However, the repulsive forces between positive charges on the patch push some.of these charges towards the edges of the patch resulting in large charge density, or current density, at some of the edges (normally two opposing edges). These areas of large charge density are the source of fringing fields at the edges of the patch 18 and the corresponding radiation from the patch 18.
A planar, or patch, antenna radiates energy only in frequency bands where resonance occurs. The location of the resonant, or operational, frequency band of a patch antenna depends primarily on its dimensions and composition. Thus, when a patch is fed with a signal in the resonant frequency band, the patch radiates energy in that frequency band.
The efficiency at which the patch radiates energy depends on, amongst other things, whether or not there is an impedance match between the patch 18 and the feed mechanism. Typically, a coaxial feeder has an impedance of 50 Ohms and it is important therefore to position the feed point such that the effective impedance presented by the patch at the feed point matches the feeder impedance. Radiation efficiency may be measured in terms of Return Loss (typically in decibels(dB)) or Voltage Standing Wave Ratio (VSWR). A Return Loss Value (RLV) of approximately -10dB or better, which corresponds to a VSWR of approximately 2 or less, is usually considered to be desirable in an operational frequency band, although poorer efficiency can be satisfactory.
Normally, a patch antenna 12 is considered as a single band structure with narrow bandwidth i.e. a structure having only one, relatively narrow, resonant frequency band.
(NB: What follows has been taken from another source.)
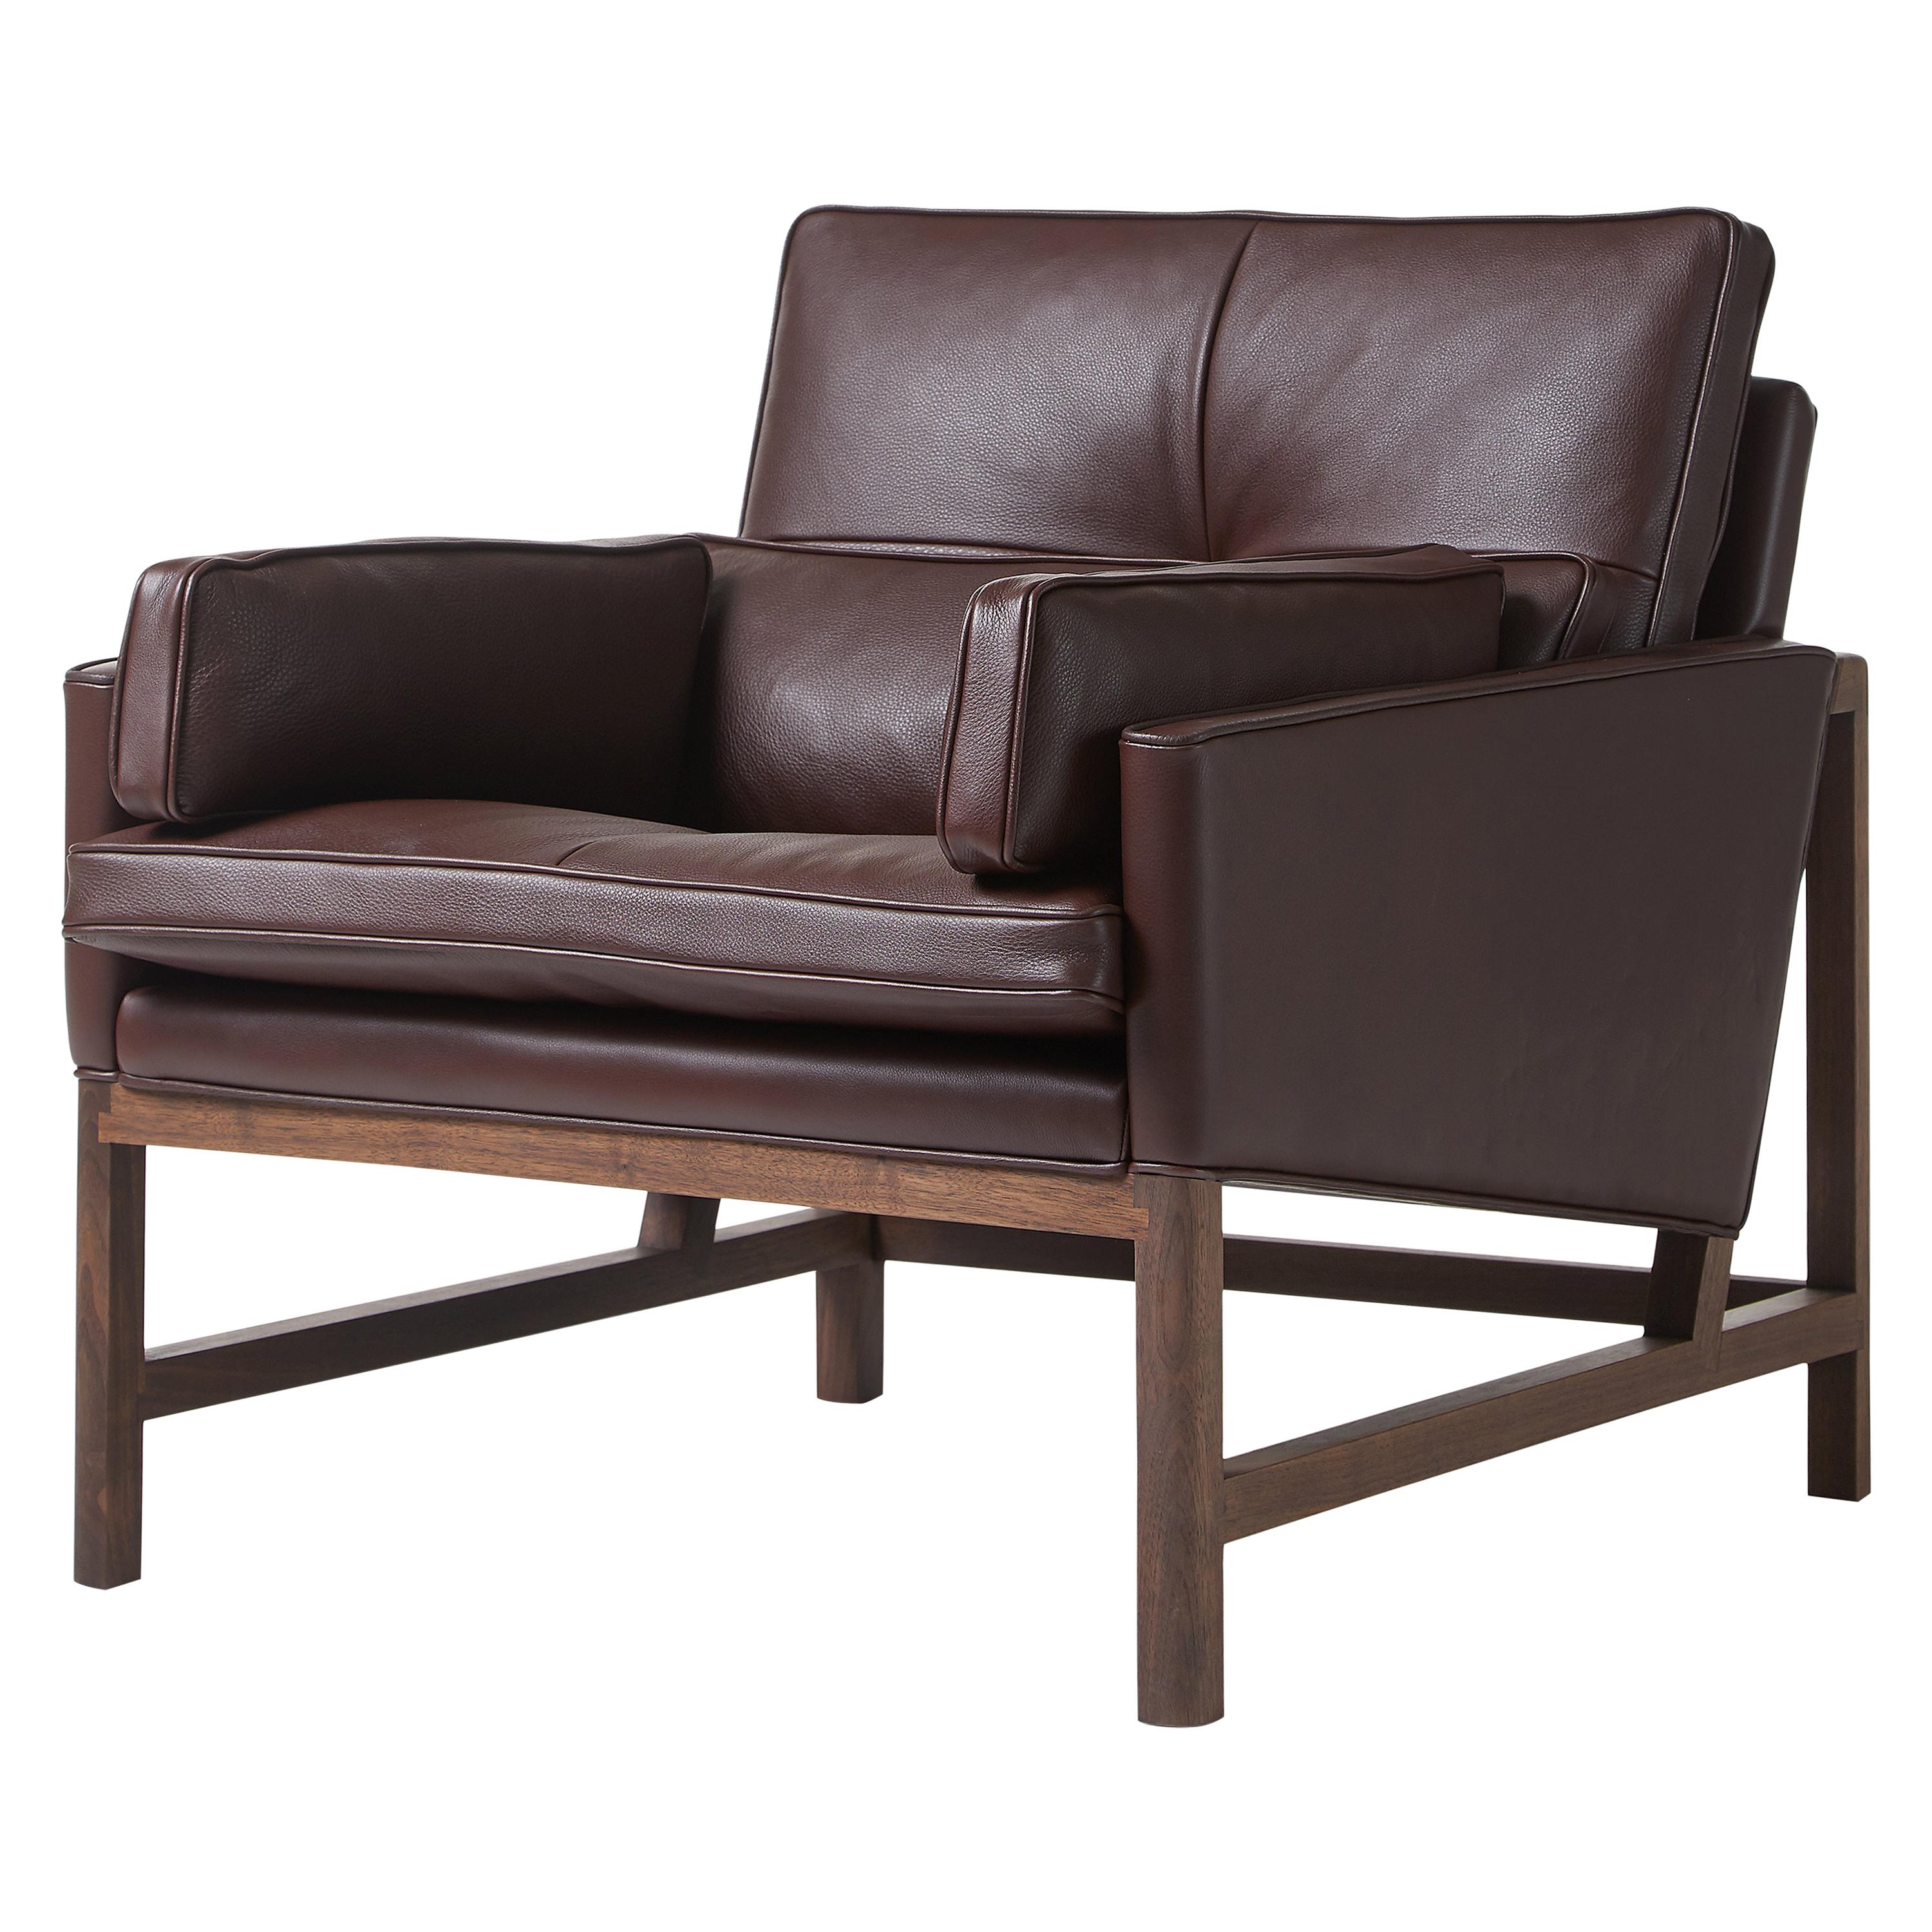 Wood Frame Low Back Lounge Chair in Walnut Black Oil Designed by Craig Bassam

In order to design a patch antenna for operation in a desired frequency band and for a given dielectric constant and substrate thickness, equations [1] to [4] of Figure 7 may be used to determine the approximate required length and width of the patch 18. Normally some fine tuning is then required in order to finalise patch dimensions to suit the application in question.
The next step in the design of the patch antenna 12 is to determine the position of the point at which the feed mechanism feeds the antenna. Conventionally, the feed point is on a notional straight line perpendicular to the patch 18 edges and running through the centre of the patch. Such a feed position is hereinafter referred to as a central, or symmetrical, feed position. A common way to determine the best position for the feed point is to simulate the operation of the antenna 12 for various feed positions starting on a patch edge moving towards the patch centre along the notional centre line. A suitable feed point is found when there is an impedance match between the feed mechanism and the patch (it is noted that in some cases an impedance match is not found on the centre line. In such cases, the normal solution is to enlarge the size of the patch 18 or to provide an impedance matching network between the feed mechanism and the patch 18).
When fed with a signal in the resonant, or operational, frequency band, the current density on the surface of the patch 18 increases significantly along two opposing edges of the patch 18 causing electromagnetic waves to radiate from those edges. The current density also increases across the surface of the patch 18 between the two radiating edges and.this causes further electromagnetic radiation from between the two radiating edges. The resulting radiation pattern is substantially symmetrical with respect to the patch 18 and this optimises the gain of the antenna. This is the main reason why patch antennas are conventionally fed from a central position.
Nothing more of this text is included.